151. Reverse Words in a String (MEDIUM)

Intuition

  • Using two pointers, starting from the end to the beginning of the string to get each word.

  • Make use of StringBuilder to append each word.

Solution

class Solution {
    public String reverseWords(String s) {
        StringBuilder reversed = new StringBuilder();
        int n = s.length();
        int j = n;
        for (int i = n - 1; i >= 0; i--) {
            if (s.charAt(i) == ' ') {
                j = i;
            } else if (i == 0 || s.charAt(i - 1) == ' ') {
                if (!reversed.length() == 0) {
                    reserved.append(" ");
                }
                resersed.append(s, i, j);
            }
        }
    }
}

Complexity

  • Time Complexity: O(N) where N is the length of the string.

  • Space Complexity: O(N).

Follow-up:

  • If the string data type is mutable in your language, can you solve it in-place with O(1) extra space?

680. Valid Palindrome II (EASY)

Intuition

  • Using two pointers with opposite directions to check.

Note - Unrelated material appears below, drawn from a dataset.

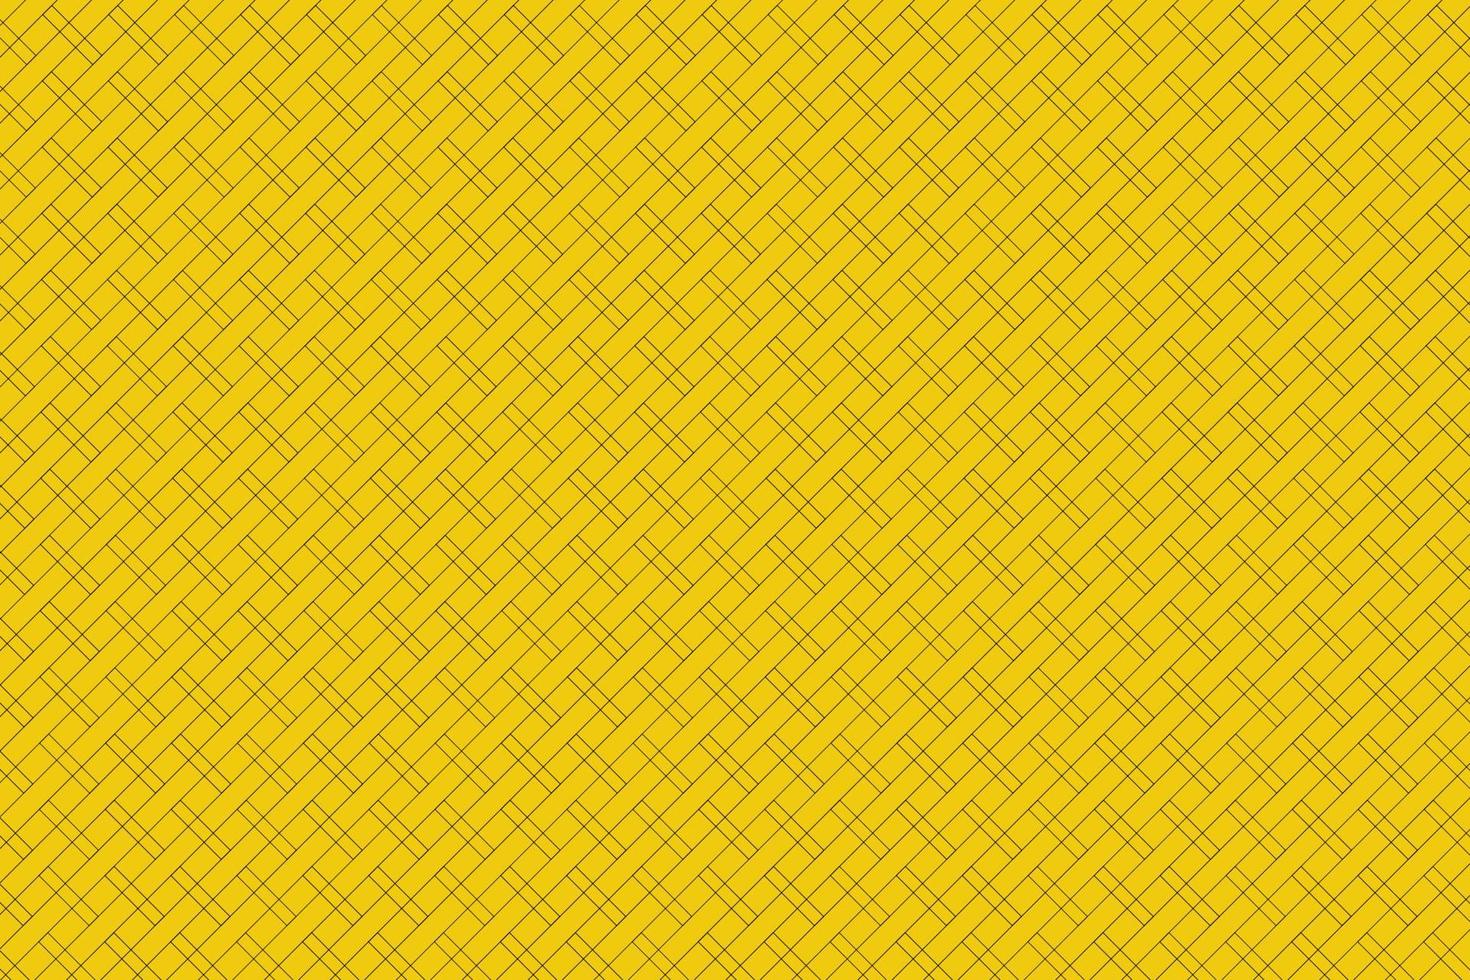 yellow background black stripes Intersect into equal sized channels Can be used to design work on vectors wallpapers etc
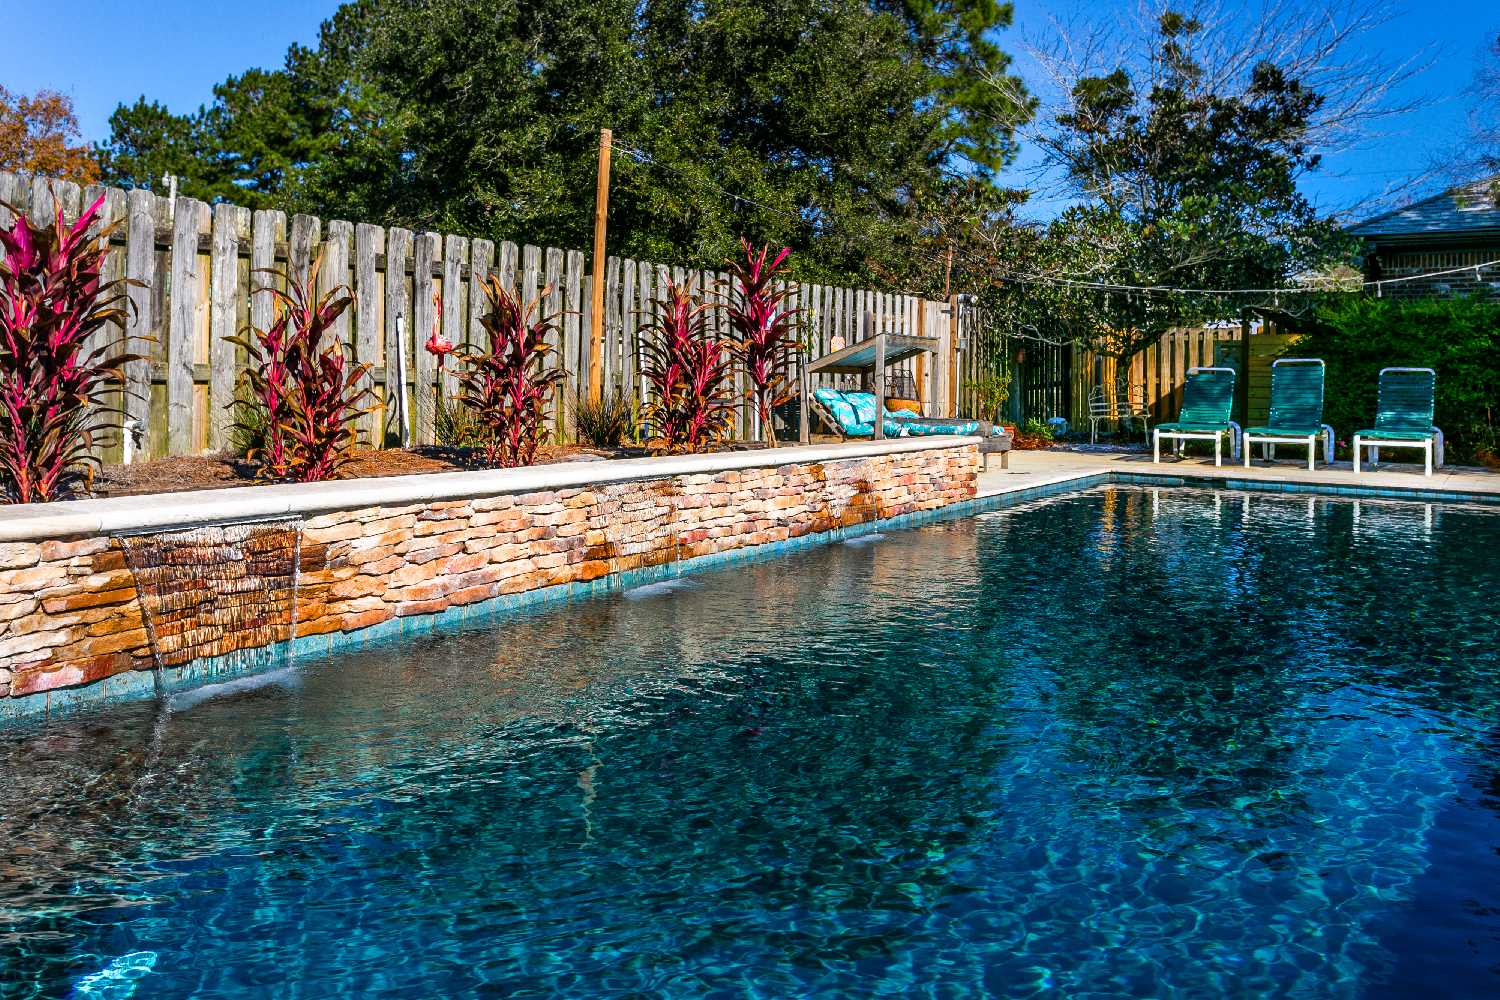 Pool Financing: Finding Financing For the Pool of Your Dreams

  • We may face 2 options to skip the left or right element (delete at most one element) -> Using recursion to make the code cleaner.

Solution

class Solution {
    public boolean validPalindrome(String s) {
        if (s == null) {
            return false;
        }
        return checkValidPalindrome(s, 0, s.length() - 1, true);
    }

    public boolean checkValidPalindrome(String s, int i, int j, boolean removable) {
        while (i < j) {
            if (s.charAt(i) != s.charAt(j)) {
                if (!removable) {
                    return false;
                }
                return checkValidPalindrome(s, i+1, j, false) || checkValidPalindrome (s, i, j-1, false);
            }
            i++;
            j--;
        }
        return true;
    }
}

Complexity

  • Time complexity: O(N)

  • Space complexity: O(1), although we use recursion the recursion tree has the depth of 1.